OBJECTIVE: To determine the number of older people with acquired dual sensory impairment (DSI) in The Netherlands. DESIGN: Combination of studies in the general population and in relevant subpopulations. METHOD: Eight databases derived from recent studies on older persons with vision and hearing data on Dutch subjects aged 55 years or over were selected for further analysis. The measurement methods included self-reports, clinical measurements and observations. The prevalences of DSI were calculated for the general population, the non-institutionalised population, and subgroups such as older people in nursing homes and homes for the elderly. The calculated prevalences were extrapolated to the overall Dutch population. RESULTS: For the non-institutionalised population of 55 years and older, the prevalences of acquired DSI in two different data sets were 0.4% (95% CI: 0.2-0.6) and 0.6% (95% CI: 0.3-0.8), respectively.

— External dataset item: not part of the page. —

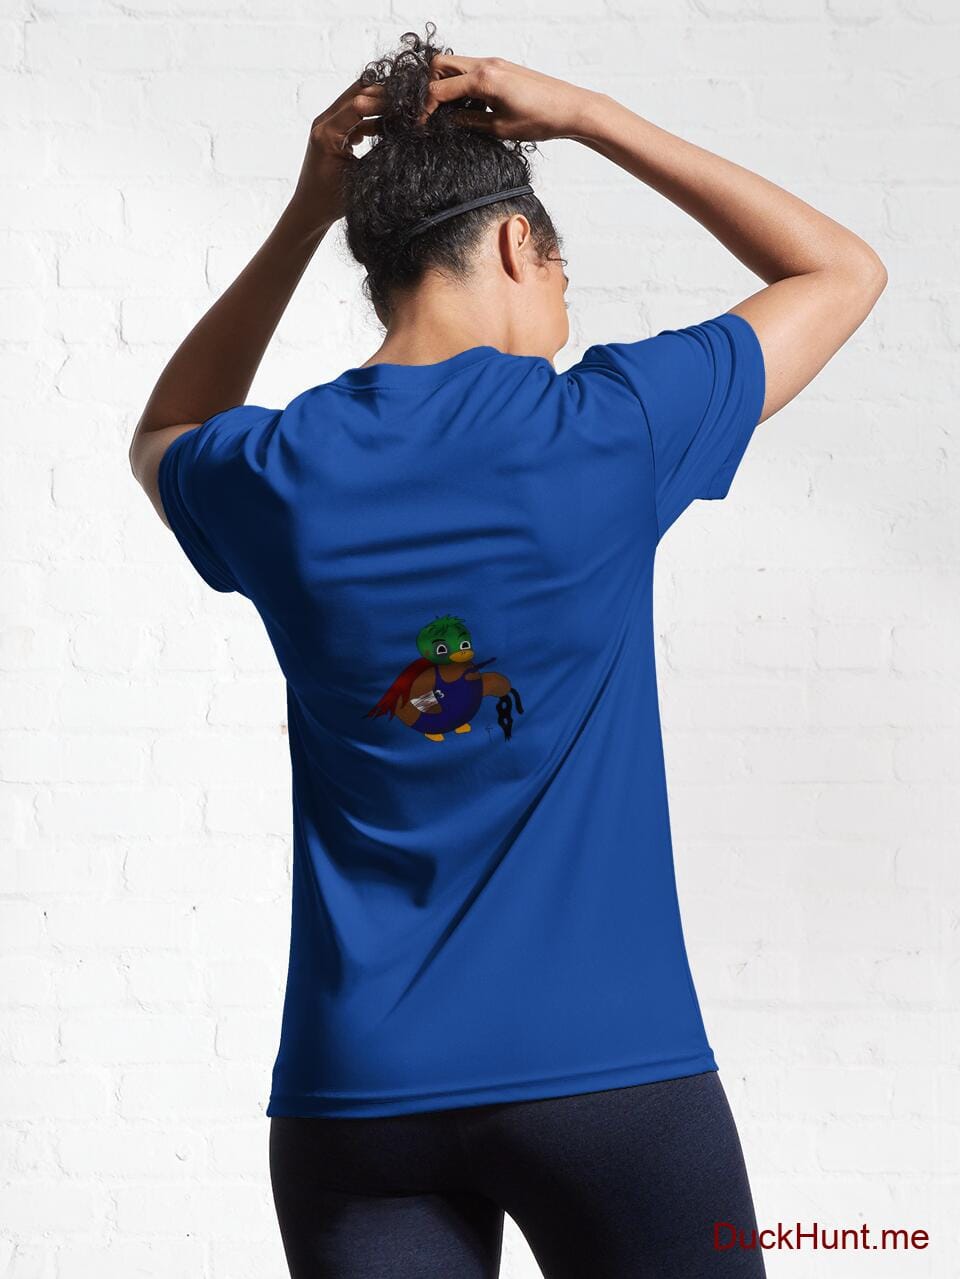 Dead DuckHunt Boss (smokeless) Royal Blue Active T-Shirt (Back printed) alternative image 5

Among the inhabitants of homes for the elderly these percentages were 5.4% (95% CI: 0.9-9.9) and 5.5% (95% CI: 3.8-7.2), and in nursing homes they were 12.7% (95% CI: 9.7-15.7) and 16.7% (95% CI: 14.6-18.8). Acquired DSI was most common in persons 85 years of age and older. It was estimated that the number of people aged 55 years and over with acquired DSI in The Netherlands is 30,000 to 35,000. CONCLUSION: DSI is particularly a problem of the oldest old. An integrated approach to the visual and hearing problems of these subjects is essential.


Subject(s)
Hearing Loss/epidemiology , Vision Disorders/epidemiology , Age Factors , Aged , Aged, 80 and over , Comorbidity , Female , Humans , Male , Middle Aged , Netherlands/epidemiology , Prevalence
6.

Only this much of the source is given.